> **INSTRUCTIONS TO FOLLOW**: From the listing below, restate word for word the lines from the line containing "Superbe vrac de" down through the line containing "Traditional Turkish Kilim". Exclude pictures.

> **RECORD SET**:
--------
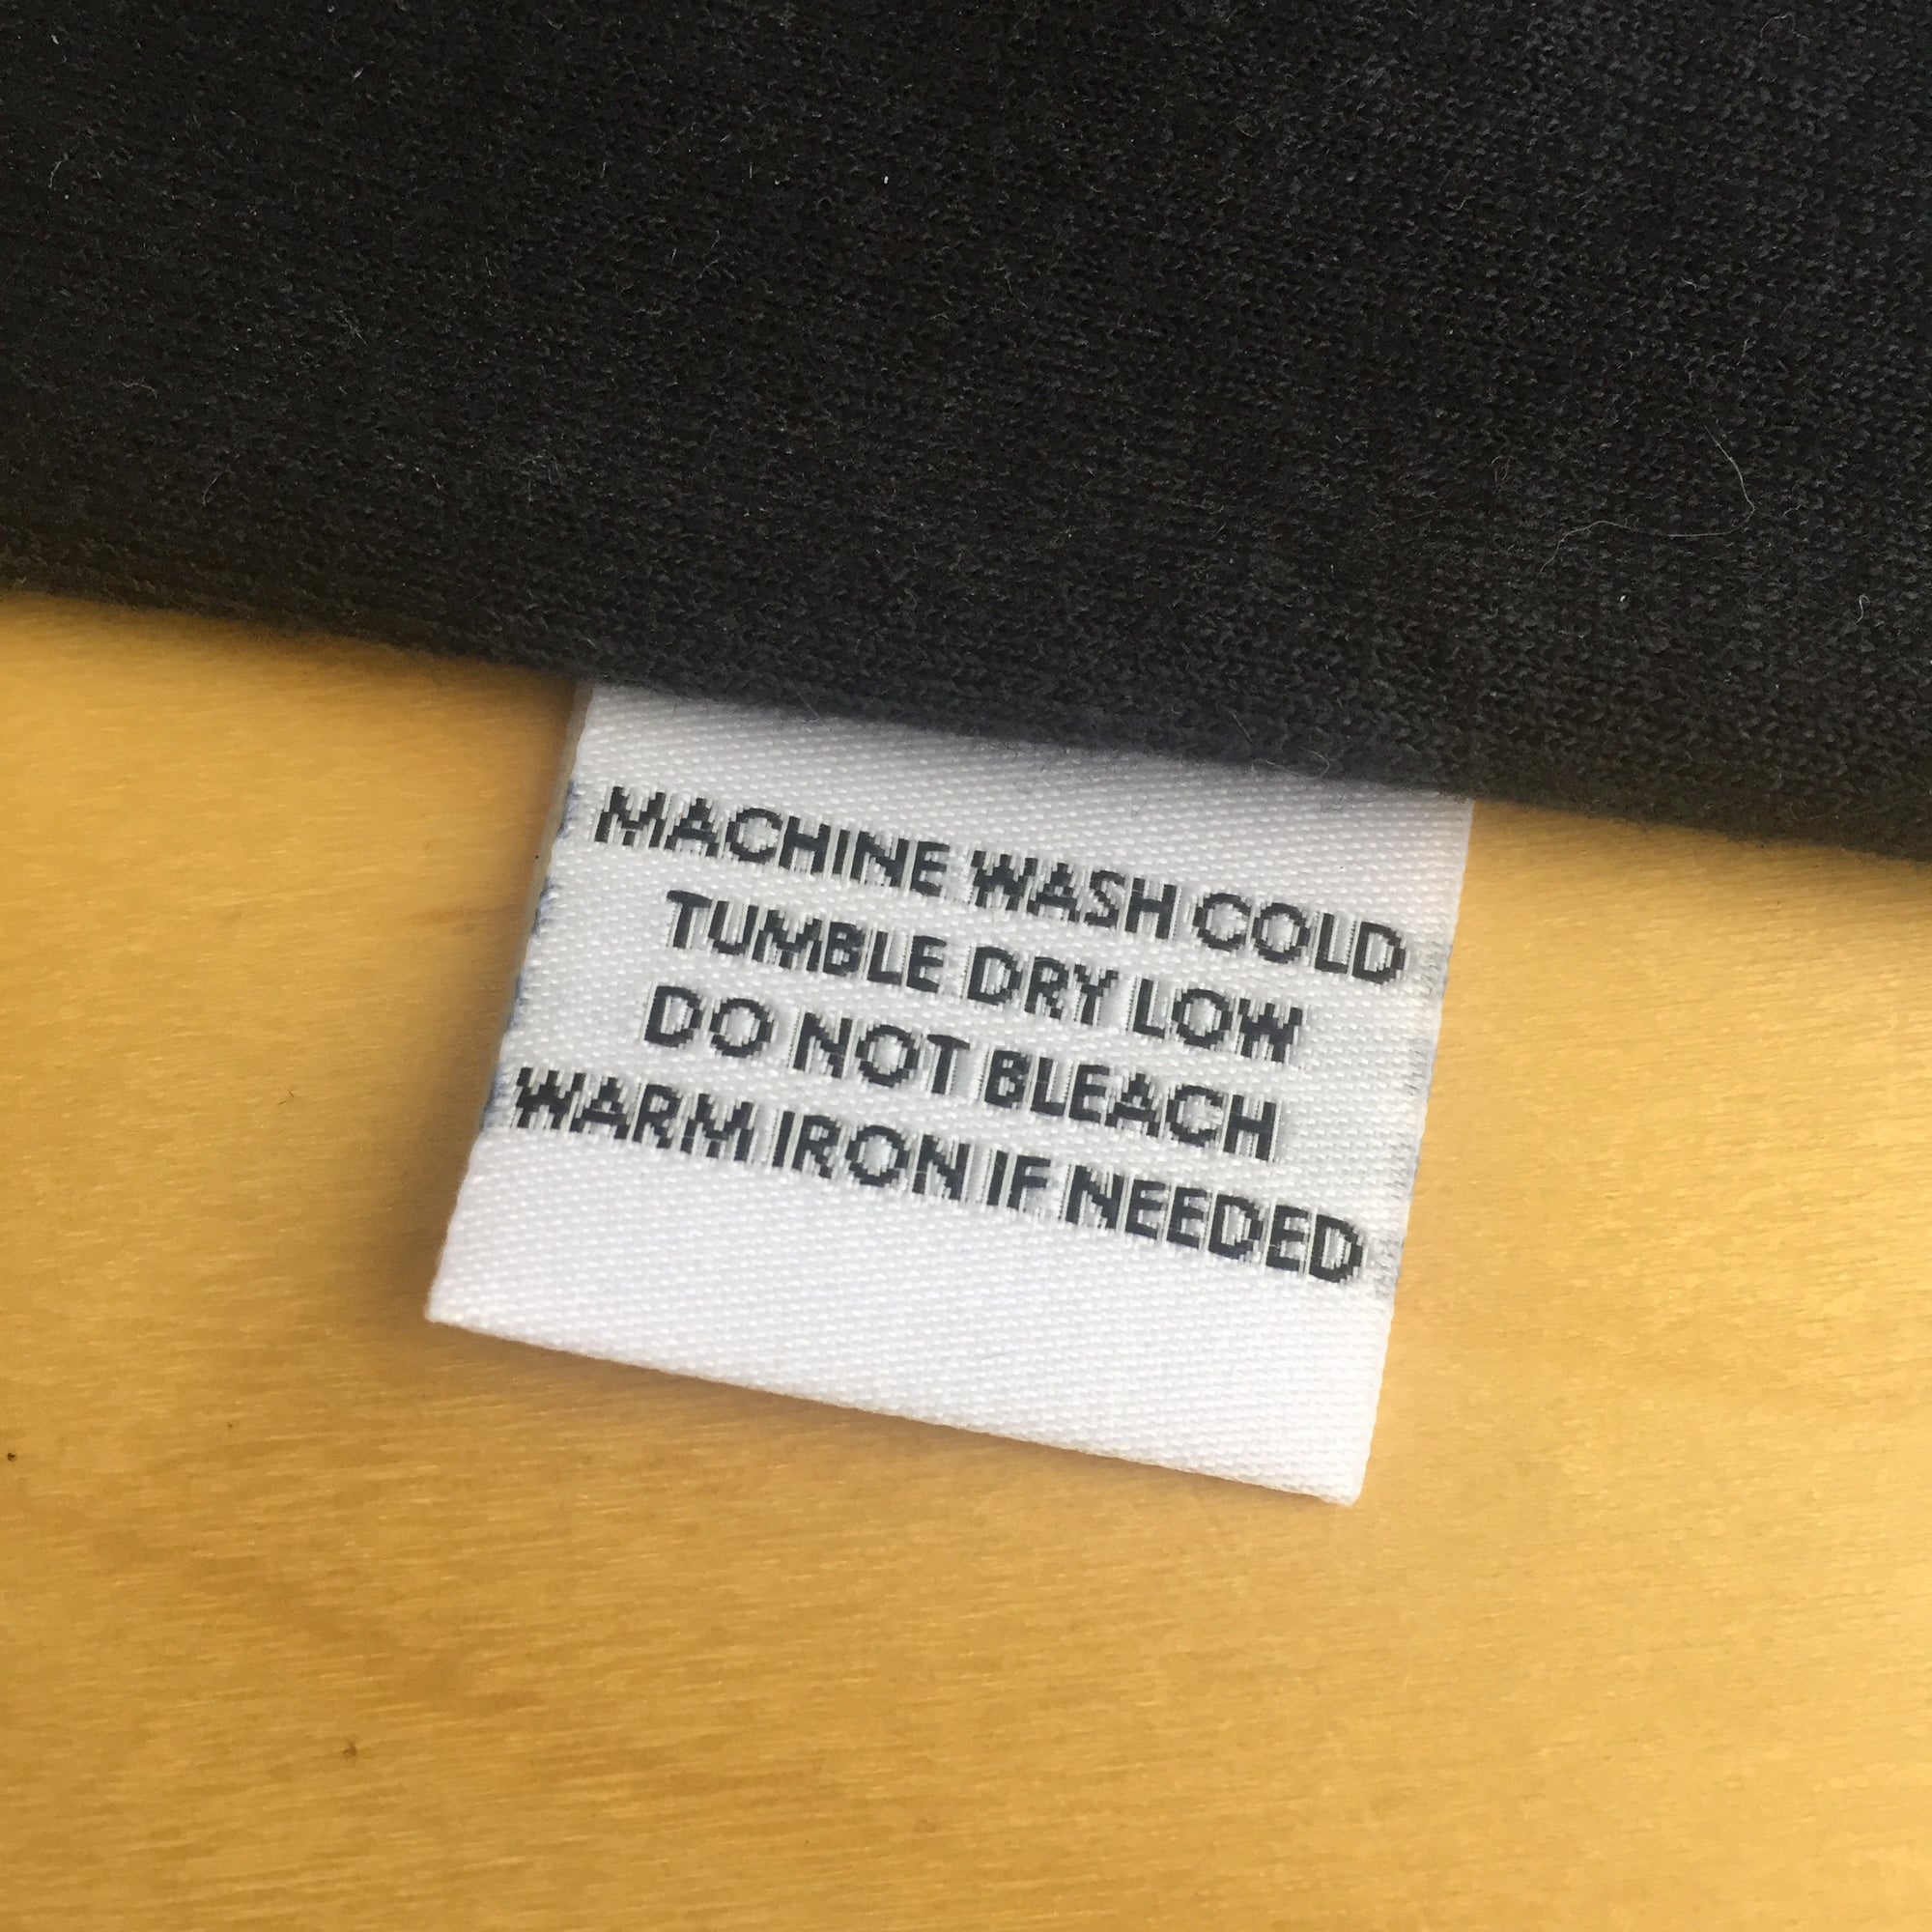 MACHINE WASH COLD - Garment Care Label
--------
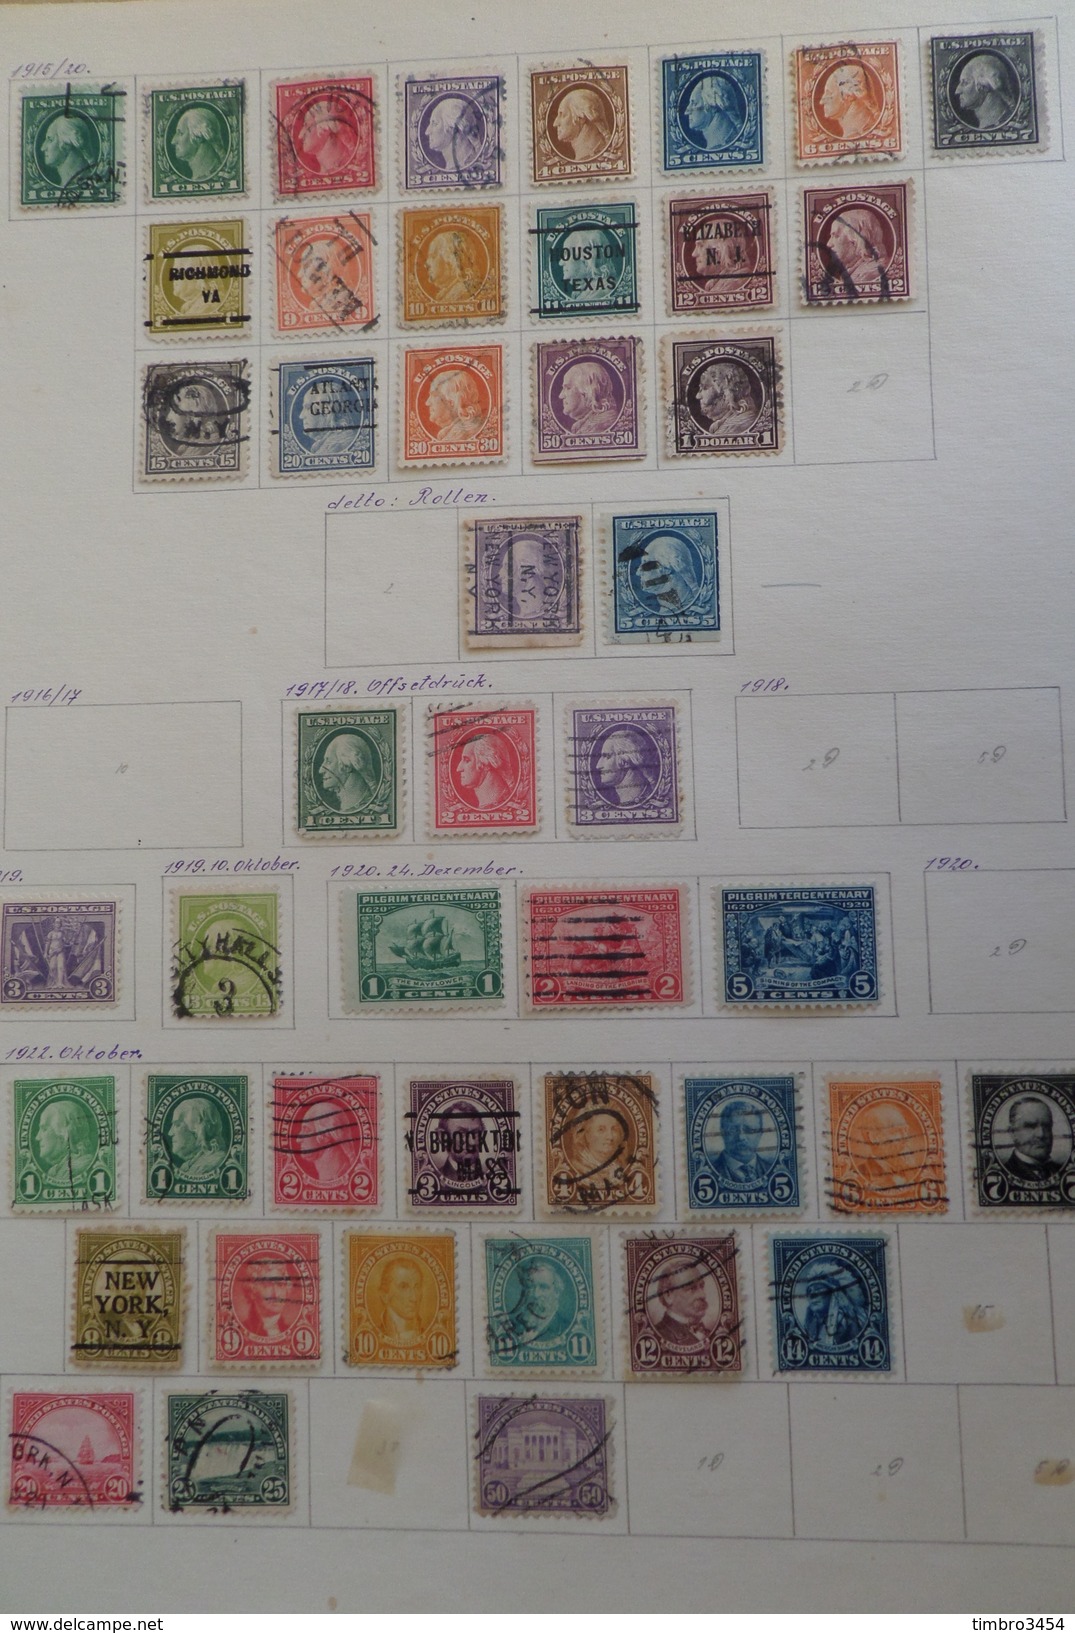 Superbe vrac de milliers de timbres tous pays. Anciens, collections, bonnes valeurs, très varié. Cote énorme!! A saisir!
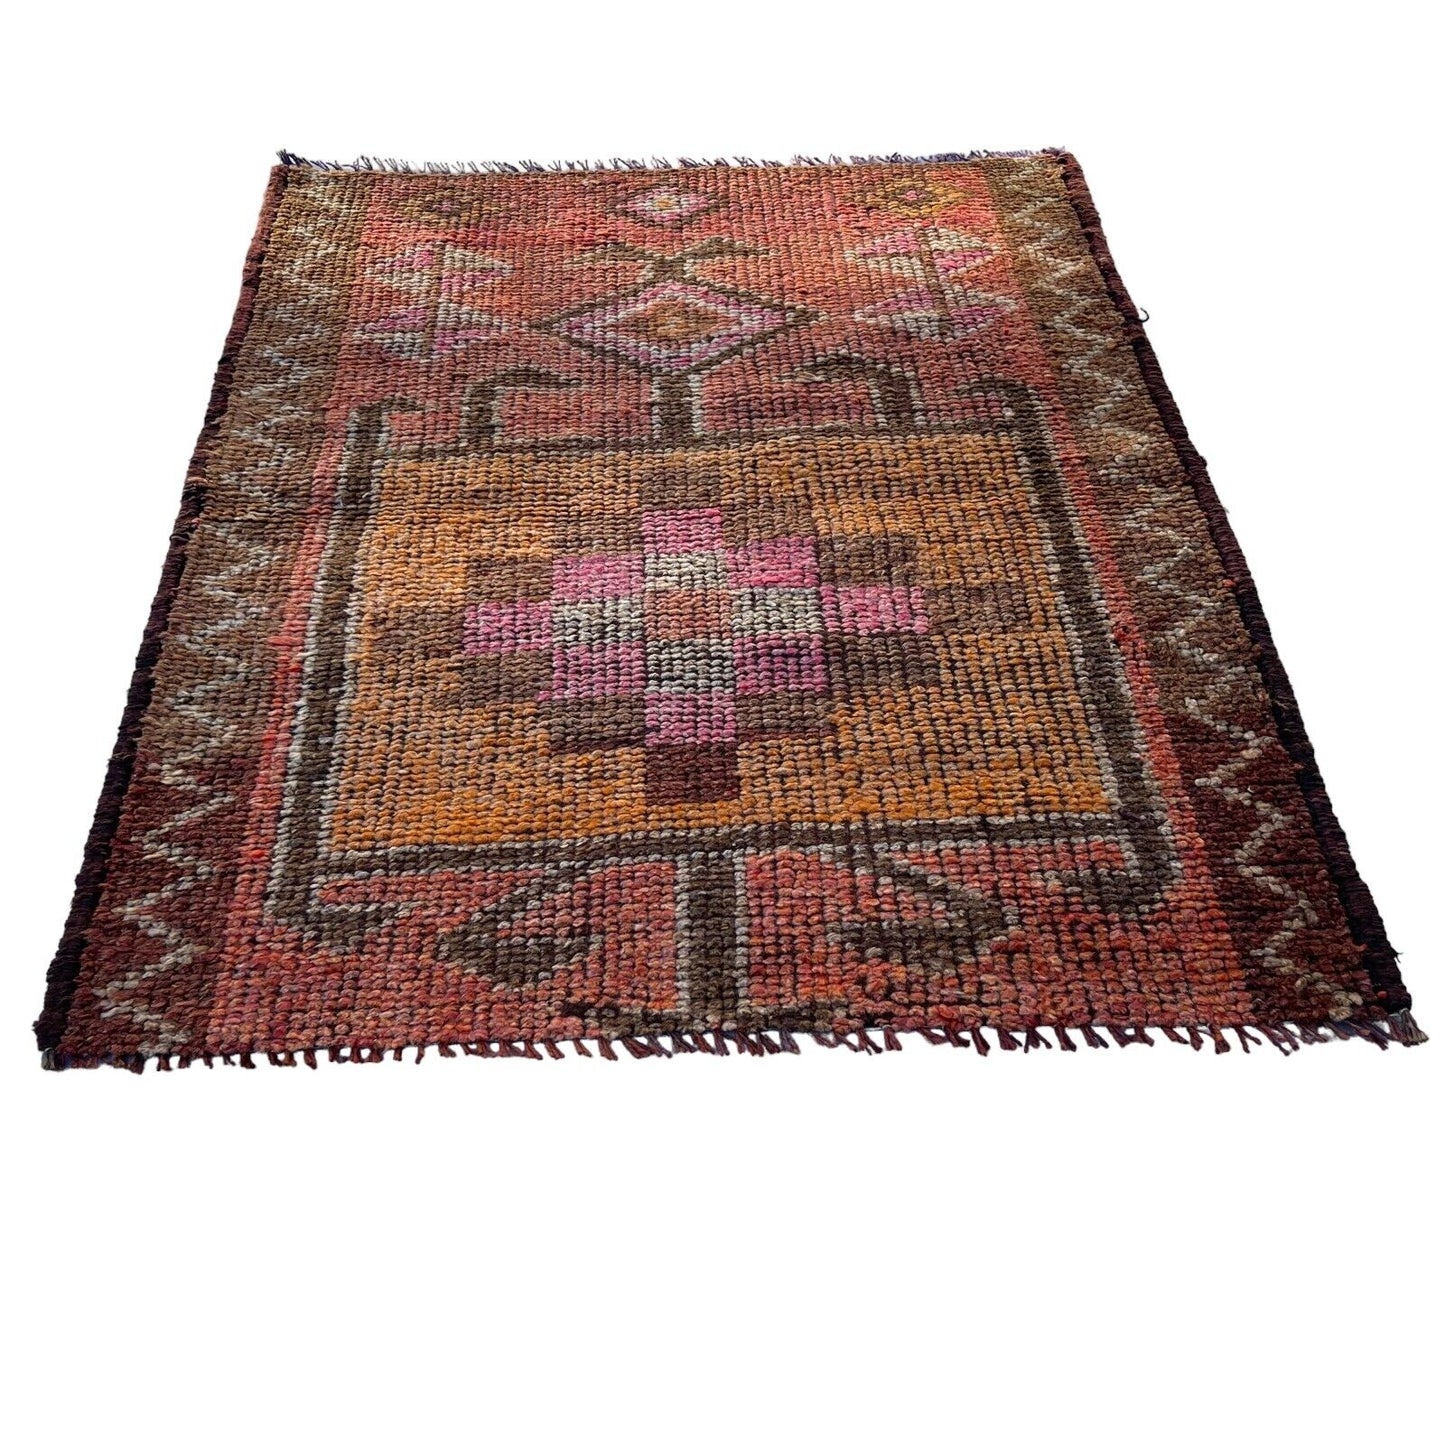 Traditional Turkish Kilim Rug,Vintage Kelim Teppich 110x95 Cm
--------
> **RESULT OF THE TASK**:
 Superbe vrac de milliers de timbres tous pays. Anciens, collections, bonnes valeurs, très varié. Cote énorme!! A saisir!
 Traditional Turkish Kilim Rug,Vintage Kelim Teppich 110x95 Cm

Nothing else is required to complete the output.